### Supplied entries

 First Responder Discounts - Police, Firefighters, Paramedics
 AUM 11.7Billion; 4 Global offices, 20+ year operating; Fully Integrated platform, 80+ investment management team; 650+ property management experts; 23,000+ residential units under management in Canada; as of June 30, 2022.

---

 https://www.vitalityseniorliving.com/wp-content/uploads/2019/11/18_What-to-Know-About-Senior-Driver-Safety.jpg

==

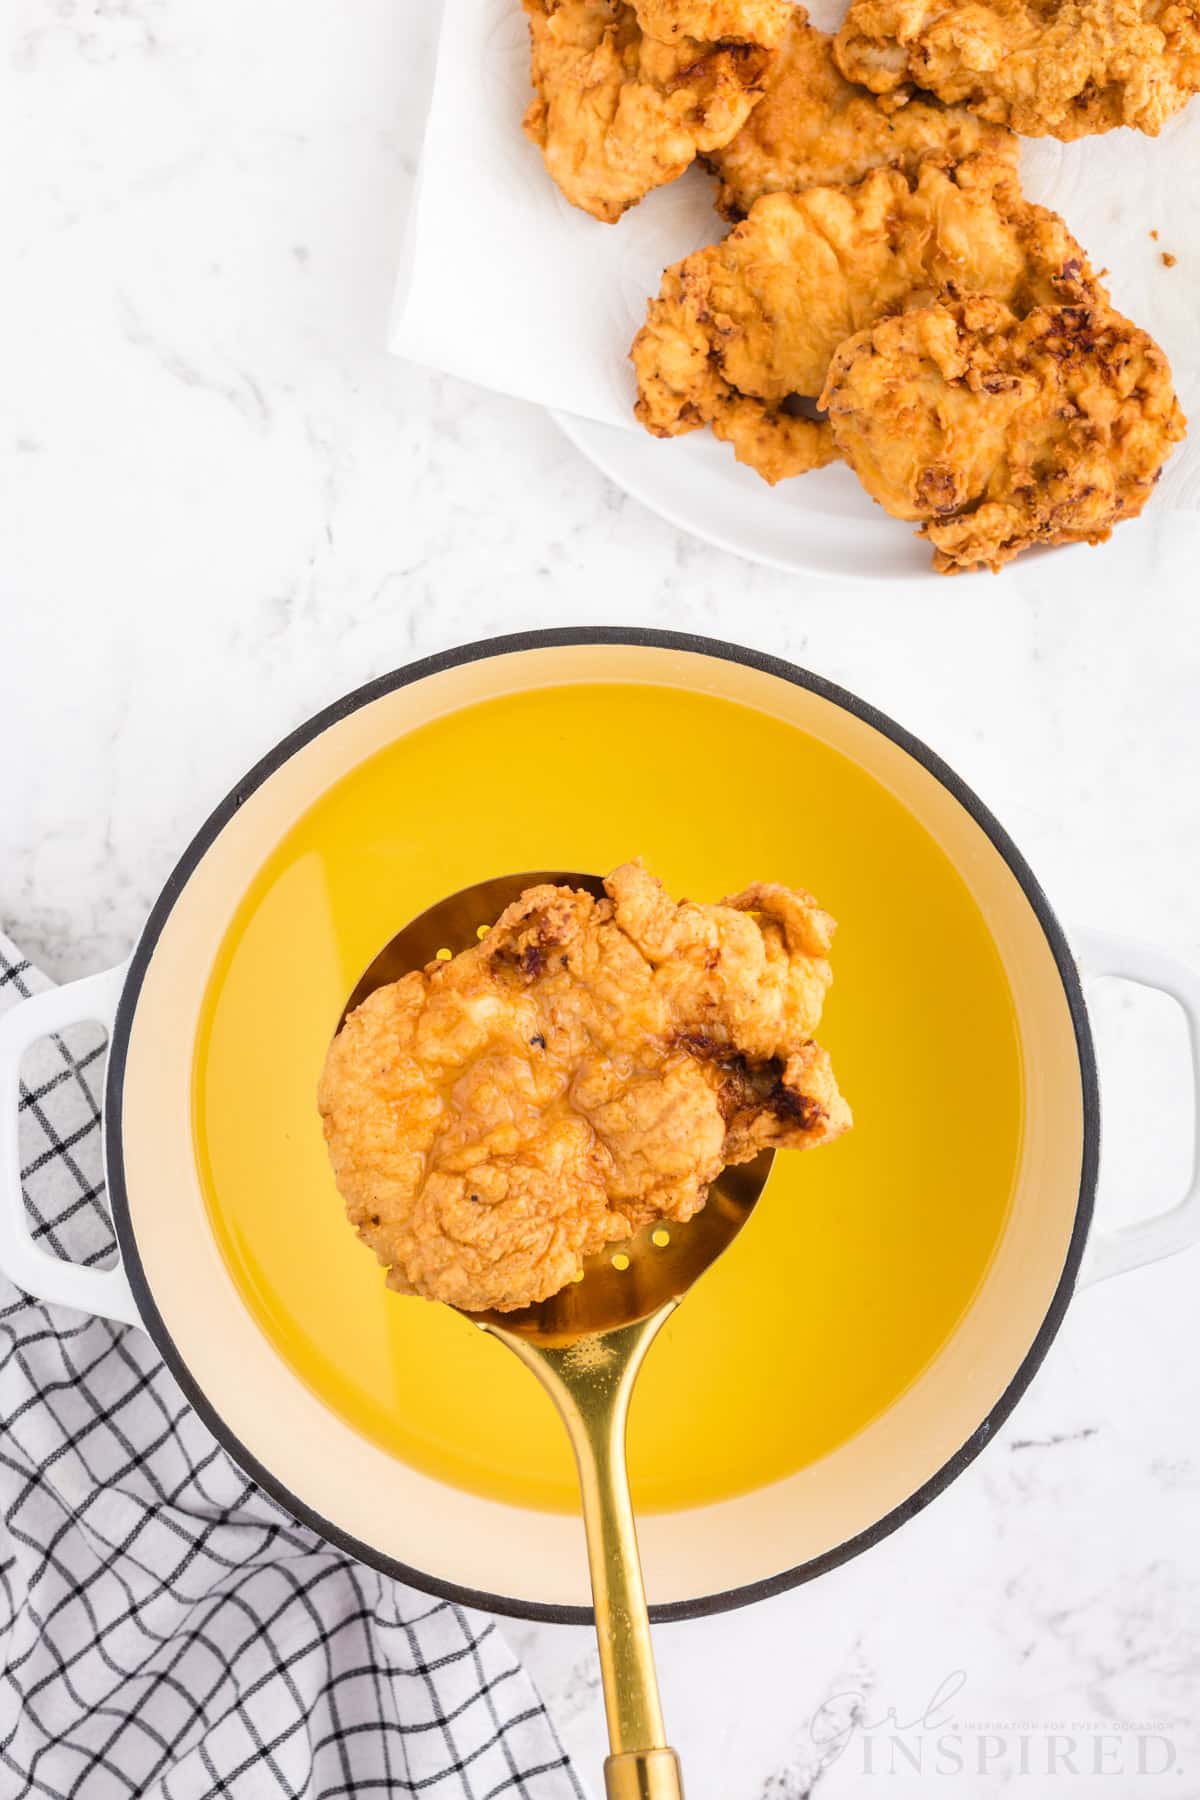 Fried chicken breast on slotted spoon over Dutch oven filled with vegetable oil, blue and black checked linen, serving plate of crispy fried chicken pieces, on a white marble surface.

### Try it
Only one part of the material above is to be transcribed, namely the lines starting with the line that has "First Responder Discounts" and going on through the line that has "AUM 11.7Billion; 4", exactly as they stand.

### Solution for this exercise
 First Responder Discounts - Police, Firefighters, Paramedics
 AUM 11.7Billion; 4 Global offices, 20+ year operating; Fully Integrated platform, 80+ investment management team; 650+ property management experts; 23,000+ residential units under management in Canada; as of June 30, 2022.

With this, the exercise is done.